Welcome! Upload your data, clean it, explore it, and visualize it — all in one app.
""")

# ------------------------------------
# STEP 1: Load Data (from file, API, URL, etc.)
# ------------------------------------
st.header("📥 Step 1: Load Your Data")

# File uploader
file = st.file_uploader("Upload data file (.csv, .tsv, .xlsx, .json):", type=['csv', 'tsv', 'xlsx', 'json'])

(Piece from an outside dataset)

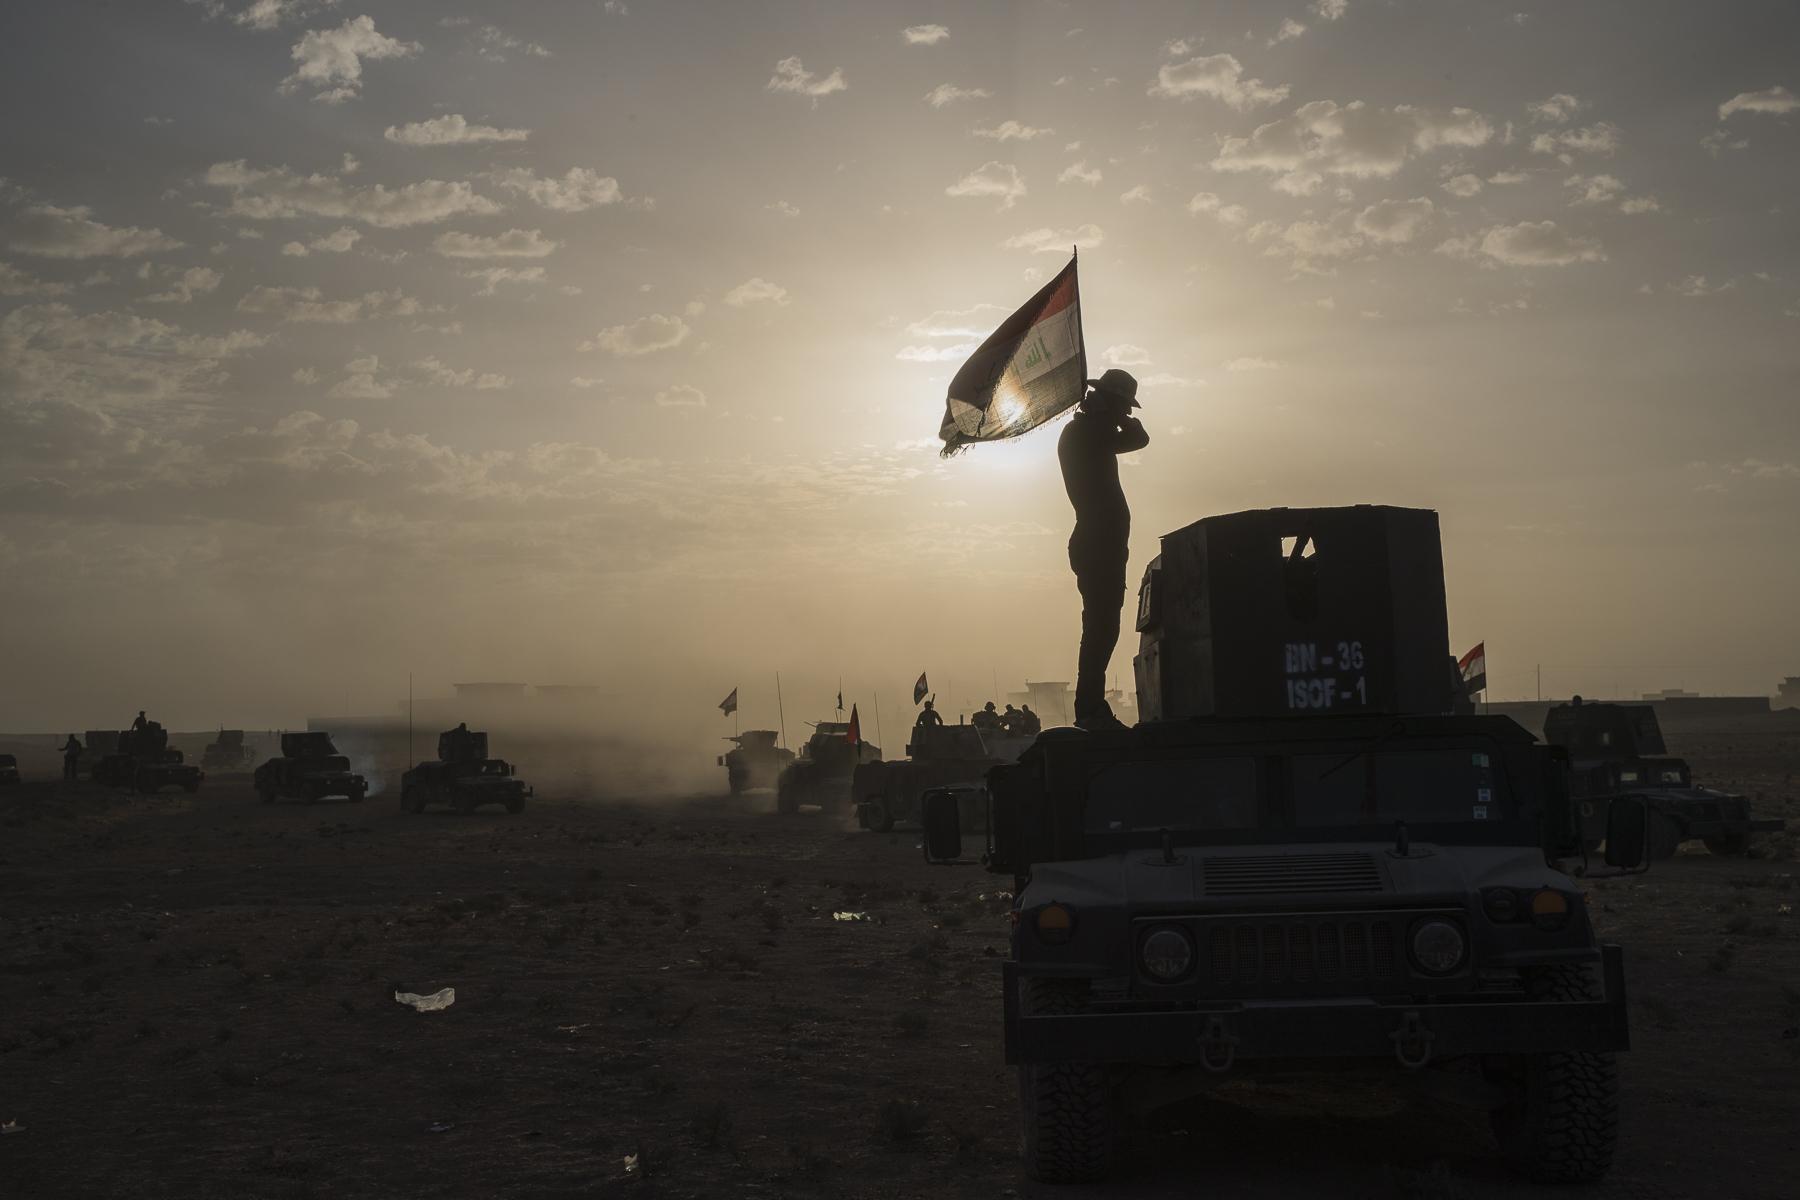 Lundi matin 9:00 la Golden Division tente de prentre le bourg de Gagjali à deux km de Mossul. C'est la dernière position de Daech. Bien que faisant partie de mossul, ce quartier est en dehors des limites géographique de la ville. C'est là ou nous prendrons position ce soir, Inch Allah.

data_source = st.radio("Or choose another source:", ["None", "Paste API URL", "Paste Web URL (HTML table)"])

if file:
    ext = os.path.splitext(file.name)[1]
    if ext == ".csv":
        df = pd.read_csv(file)
    elif ext == ".tsv":
        df = pd.read_csv(file, sep='\t')
    elif ext == ".xlsx":
        df = pd.read_excel(file)
    elif ext == ".json":
        df = pd.read_json(file)
    st.success("✅ Data loaded successfully from uploaded file.")

elif data_source == "Paste API URL":
    api_url = st.text_input("Paste API Endpoint:")
    if api_url:
        try:
            response = requests.get(api_url)
            df = pd.DataFrame(response.json())
            st.success("✅ Data loaded successfully from API.")
        except:
            st.error("❌ Could not load data from API.")

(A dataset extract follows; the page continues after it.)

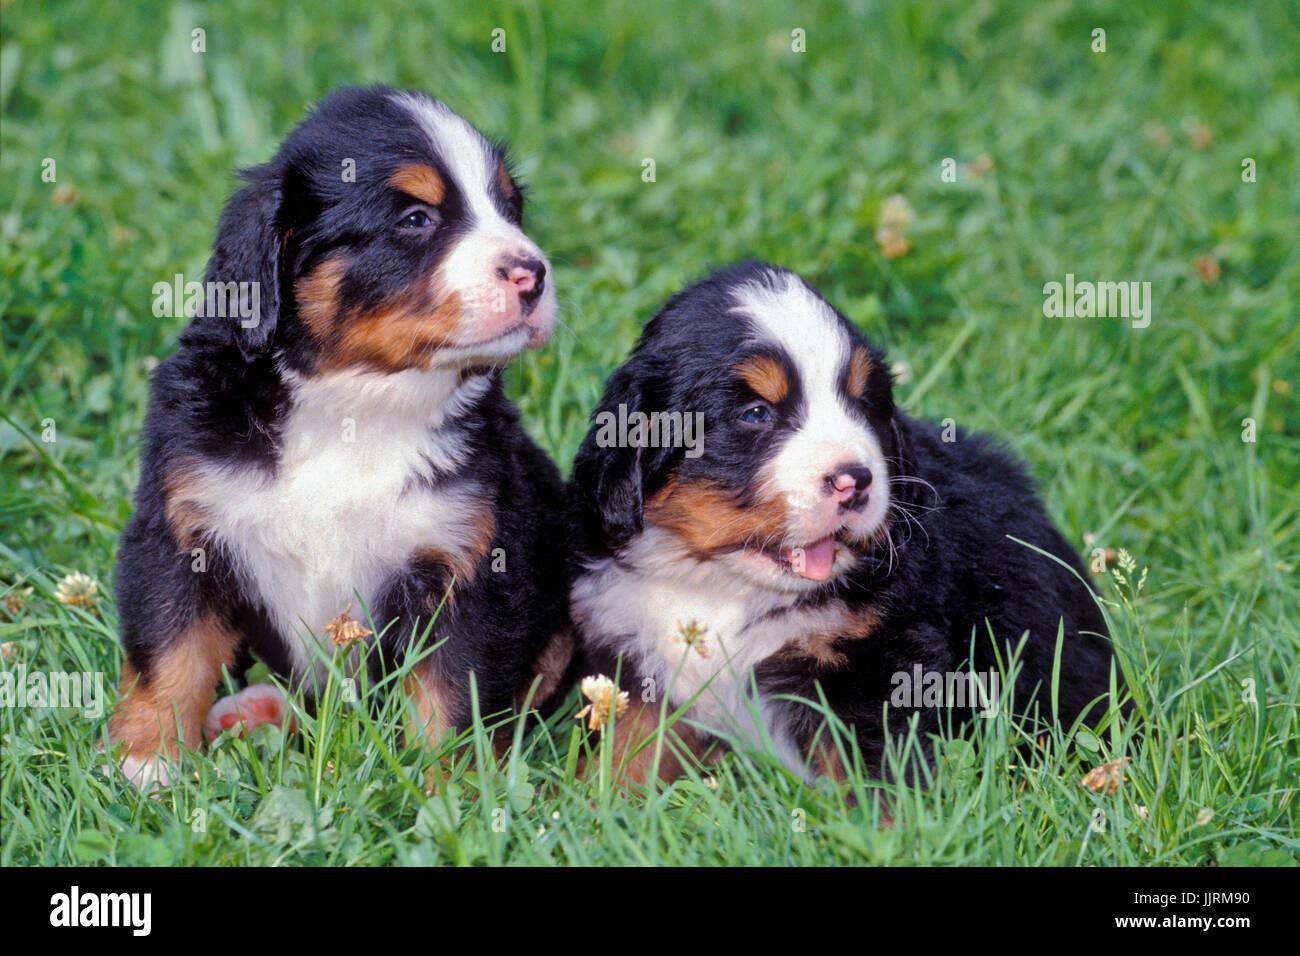 Perro San Bernardo, dos cachorros sentados juntos en el césped Imagen De Stock

elif data_source == "Paste Web URL (HTML table)":
    web_url = st.text_input("Paste Webpage URL:")
    if web_url:
        try:
            soup = BeautifulSoup(requests.get(web_url).text, "lxml")
            tables = pd.read_html(str(soup))
            df = tables[0]
            st.success("✅ Data loaded successfully from HTML table.")
        except:
            st.error("❌ Could not parse HTML table.")

else:
    st.info("⬆️ Upload a file or choose another data source to get started.")

# ------------------------------------
# STEP 2: Understand the Data
# ------------------------------------
if 'df' in locals():
    st.header("🔍 Step 2: Understand Your Data")

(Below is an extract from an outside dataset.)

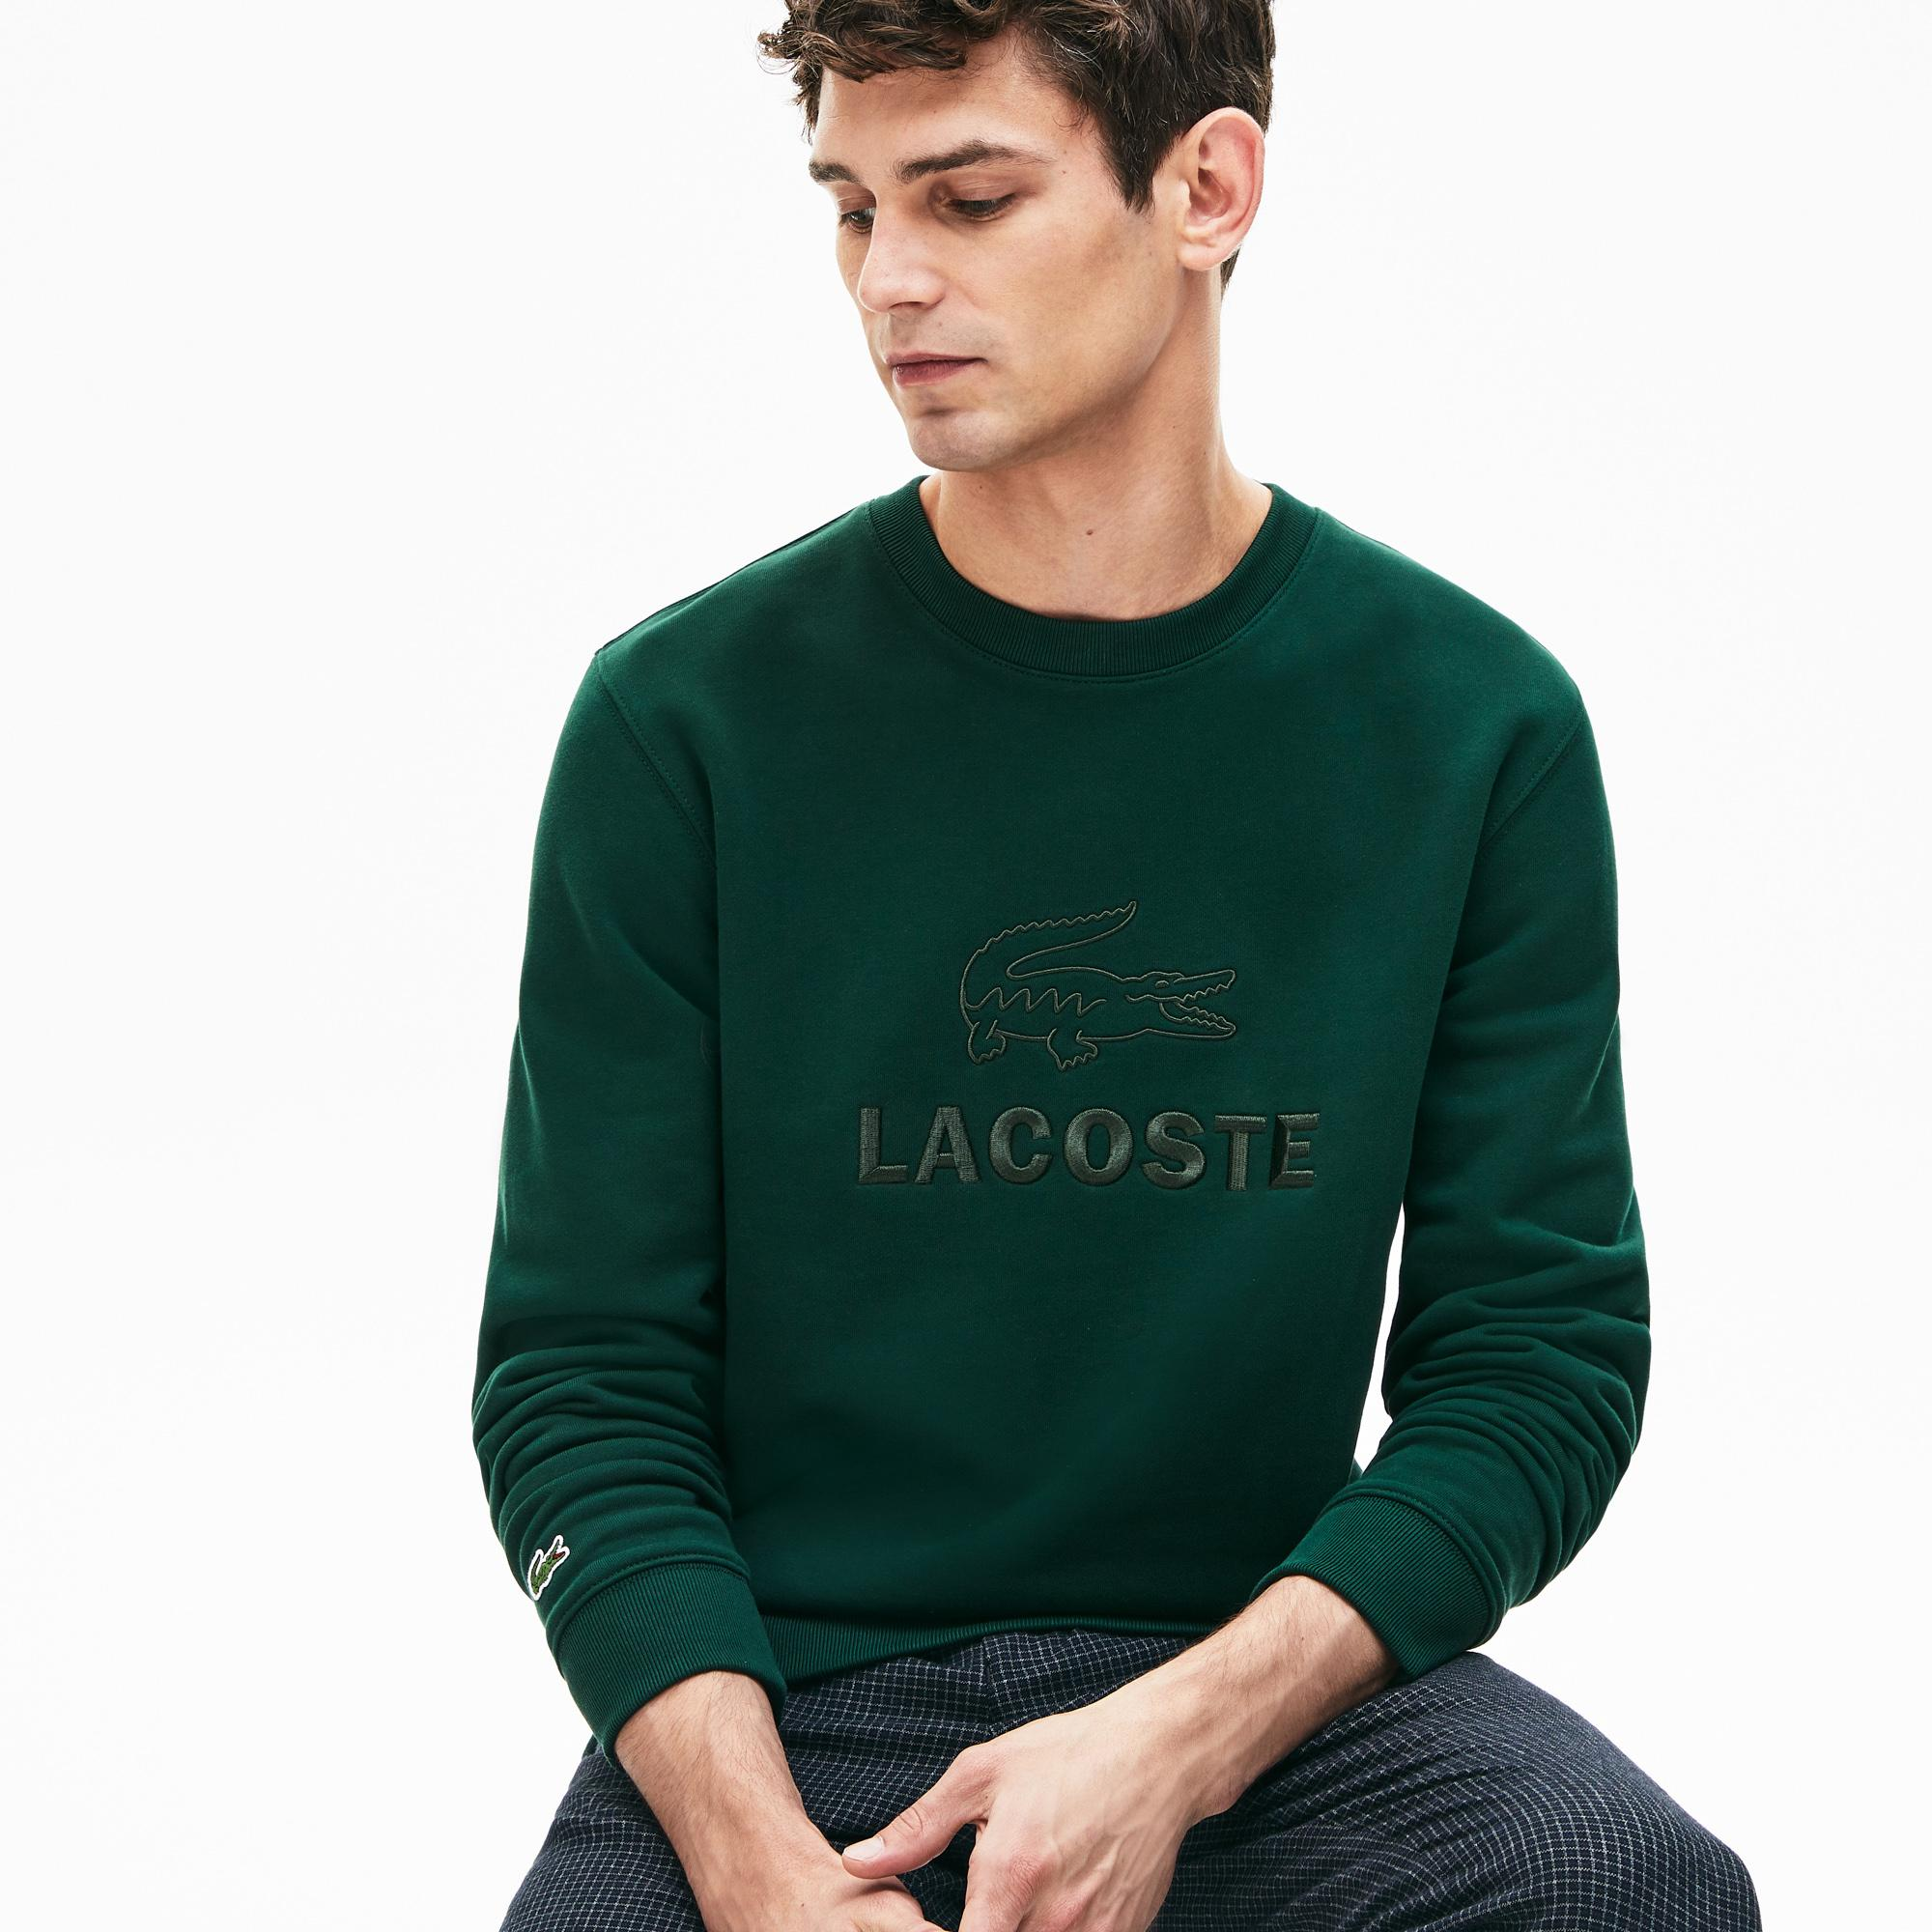 Lacoste Erkek Bisiklet Yaka Nakışlı Yeşil Sweatshirt

    st.write("Preview of Data:")
    st.dataframe(df.head())

    st.subheader("Summary Info:")
    st.write(df.info())
    st.write("Shape:", df.shape)
    st.write("Column Types:")
    st.write(df.dtypes)
    st.write("Missing Values:")
    st.write(df.isnull().sum())

    domain = st.selectbox("Which field does your data relate to?", ["General", "Health", "Finance", "Education", "E-commerce", "Other"])
    st.info(f"You're working with: **{domain}** data")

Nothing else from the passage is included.